The data
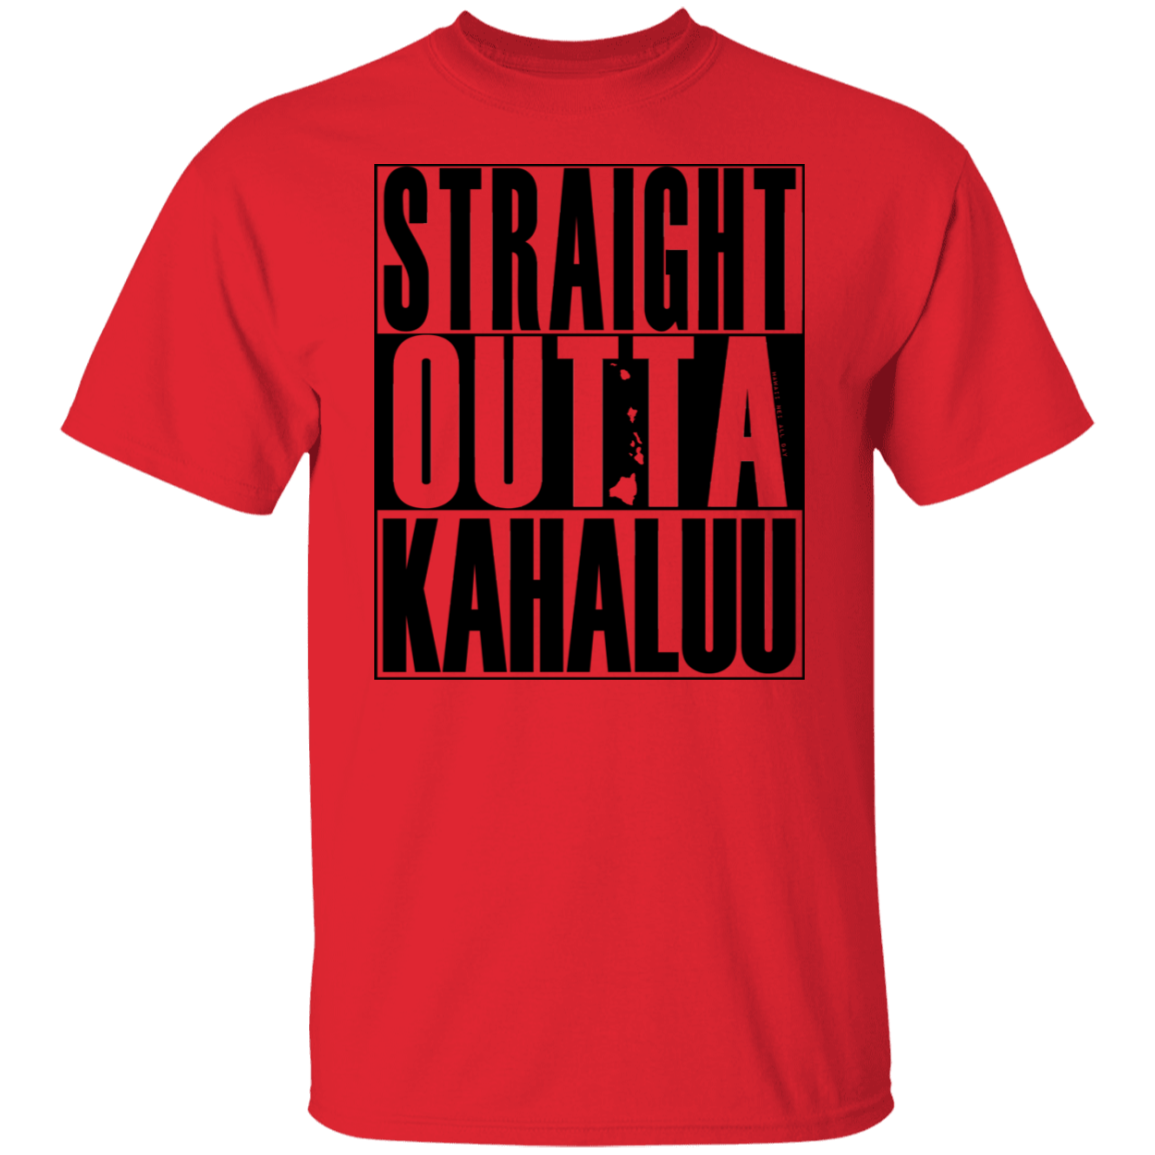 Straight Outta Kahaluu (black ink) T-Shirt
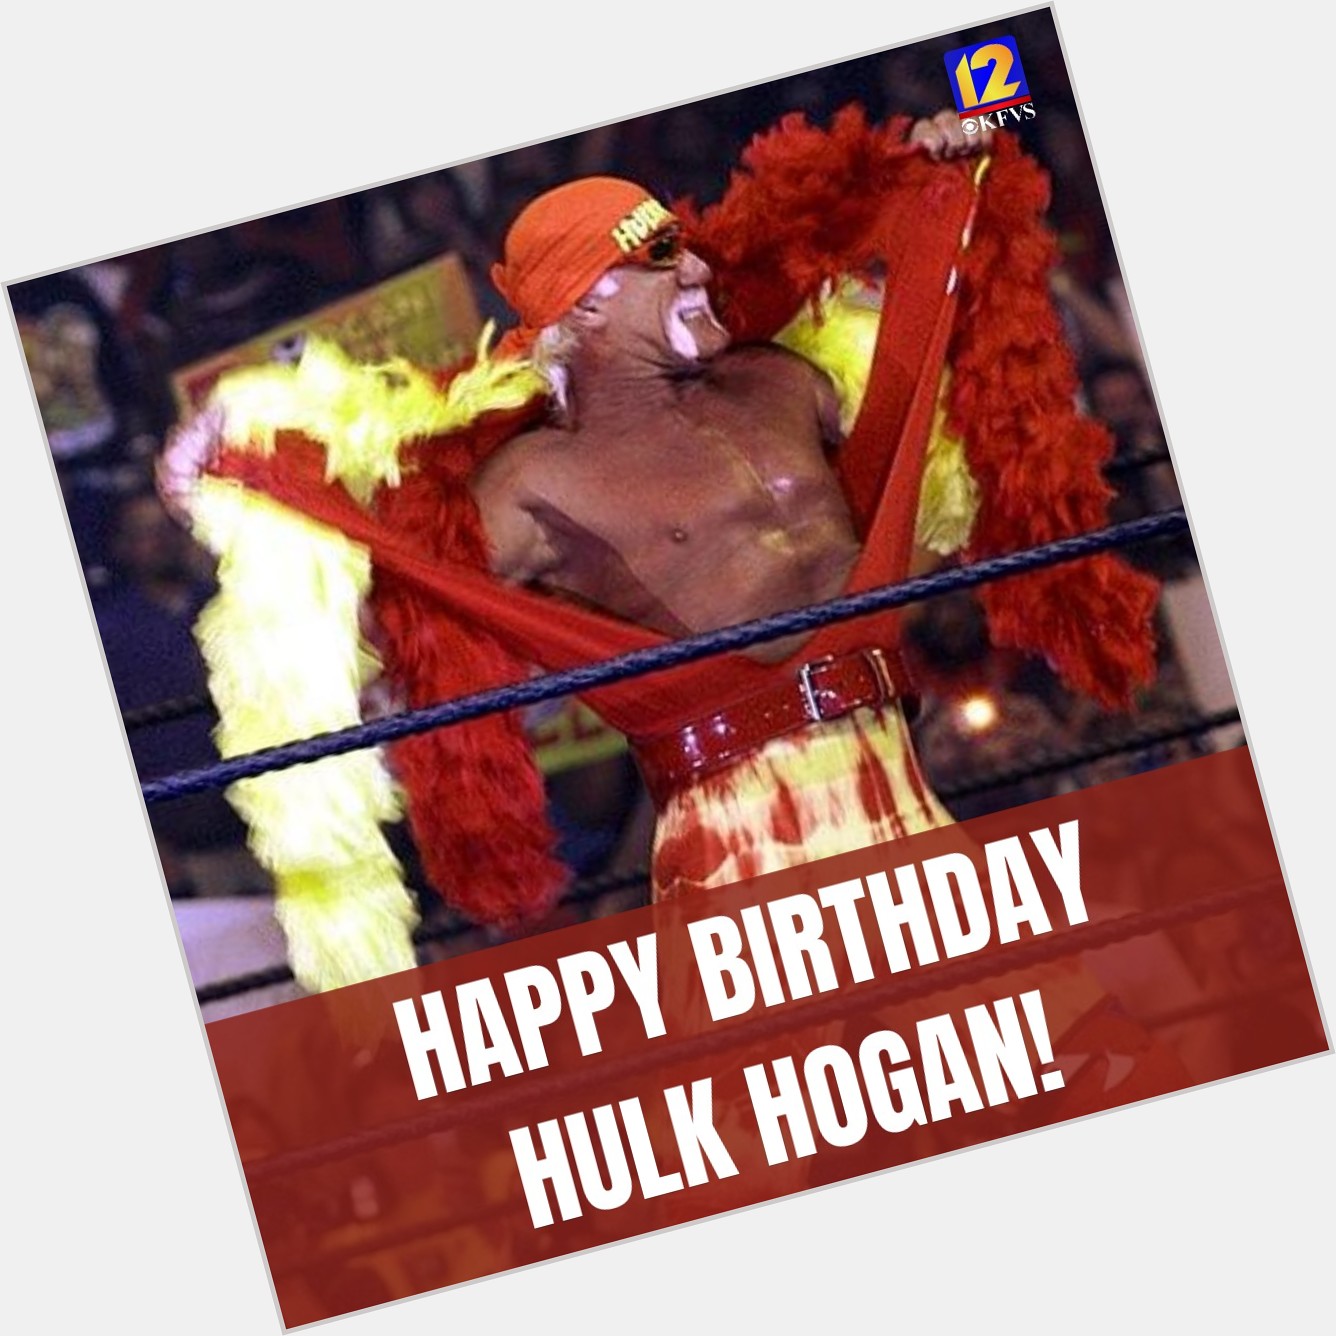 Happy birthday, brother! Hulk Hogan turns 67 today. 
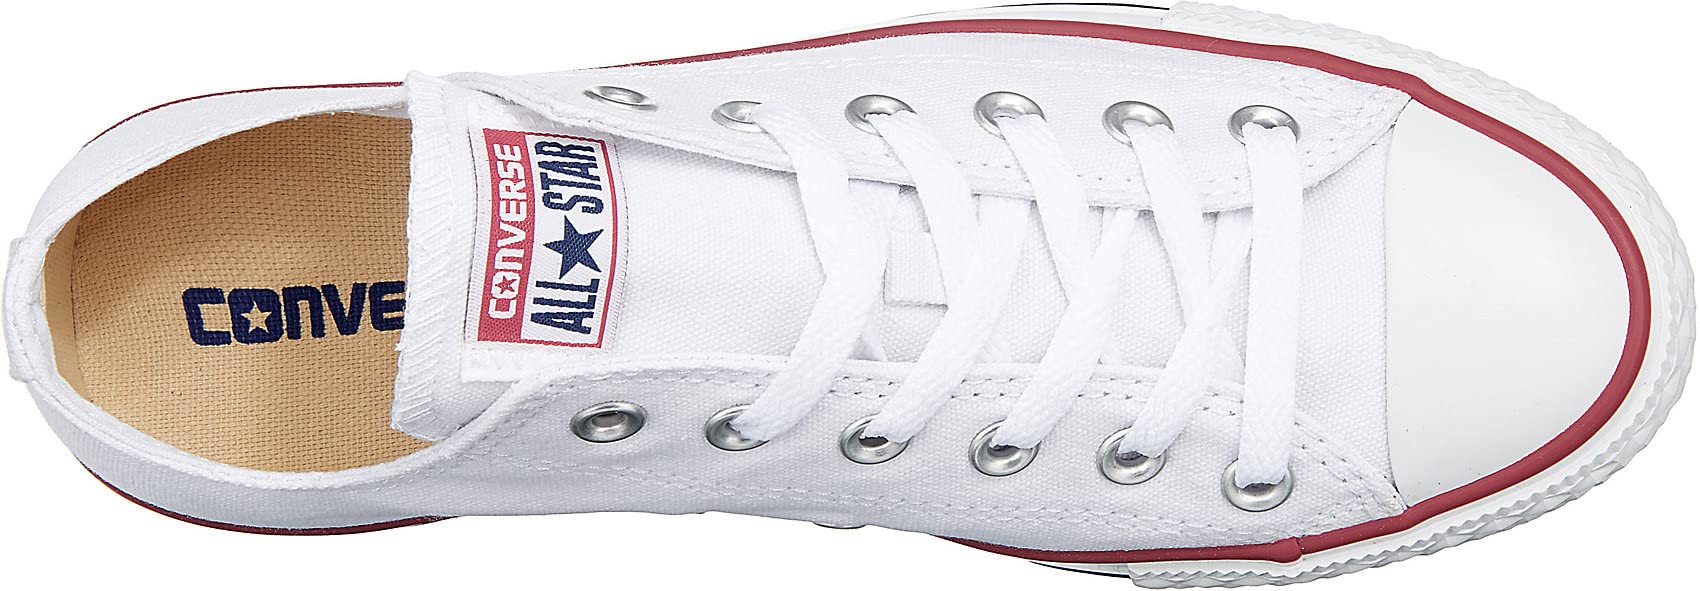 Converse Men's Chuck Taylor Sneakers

==

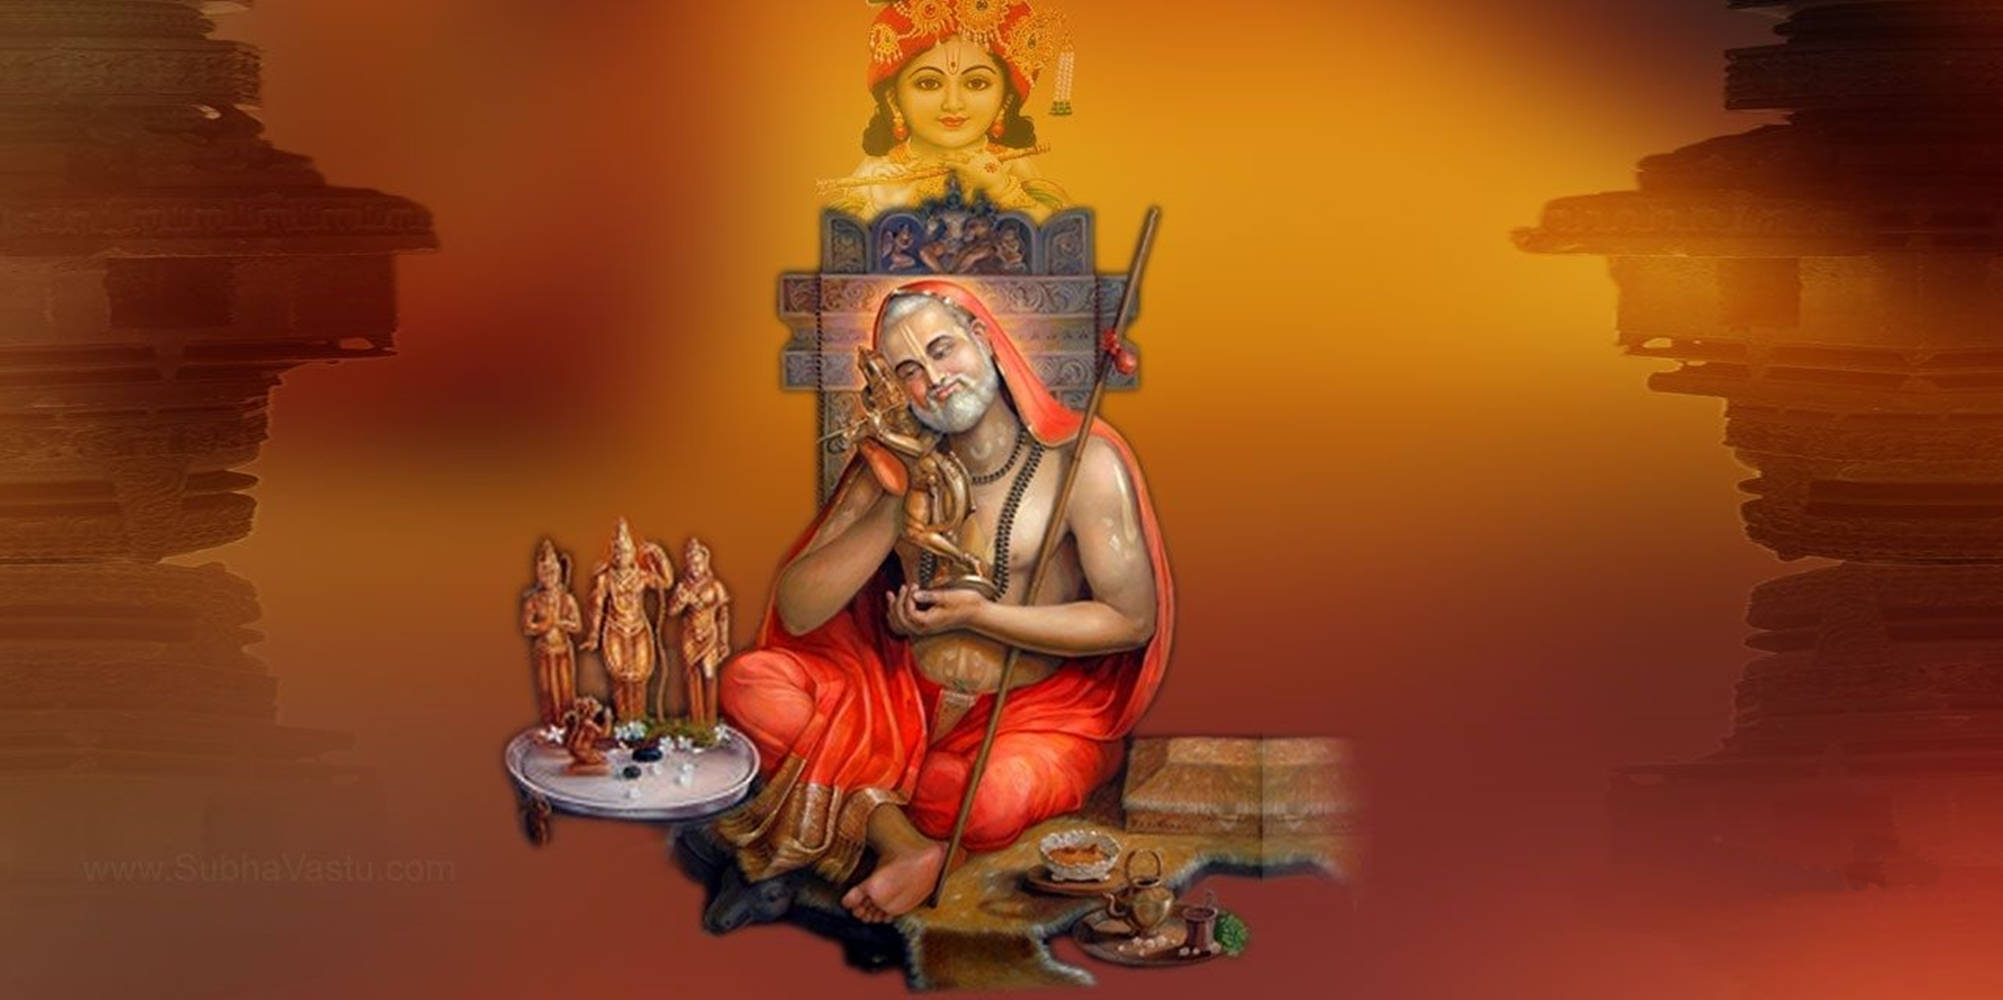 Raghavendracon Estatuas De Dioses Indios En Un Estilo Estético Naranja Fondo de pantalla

Activity
The response must repeat exactly the lines above from the one with "Straight Outta Kahaluu (black ink) T-Shirt" through the one with "Converse Men's Chuck Taylor Sneakers", including both, and must contain no pictures and no other text.

Task result
 Straight Outta Kahaluu (black ink) T-Shirt
 Happy birthday, brother! Hulk Hogan turns 67 today. 
 Converse Men's Chuck Taylor Sneakers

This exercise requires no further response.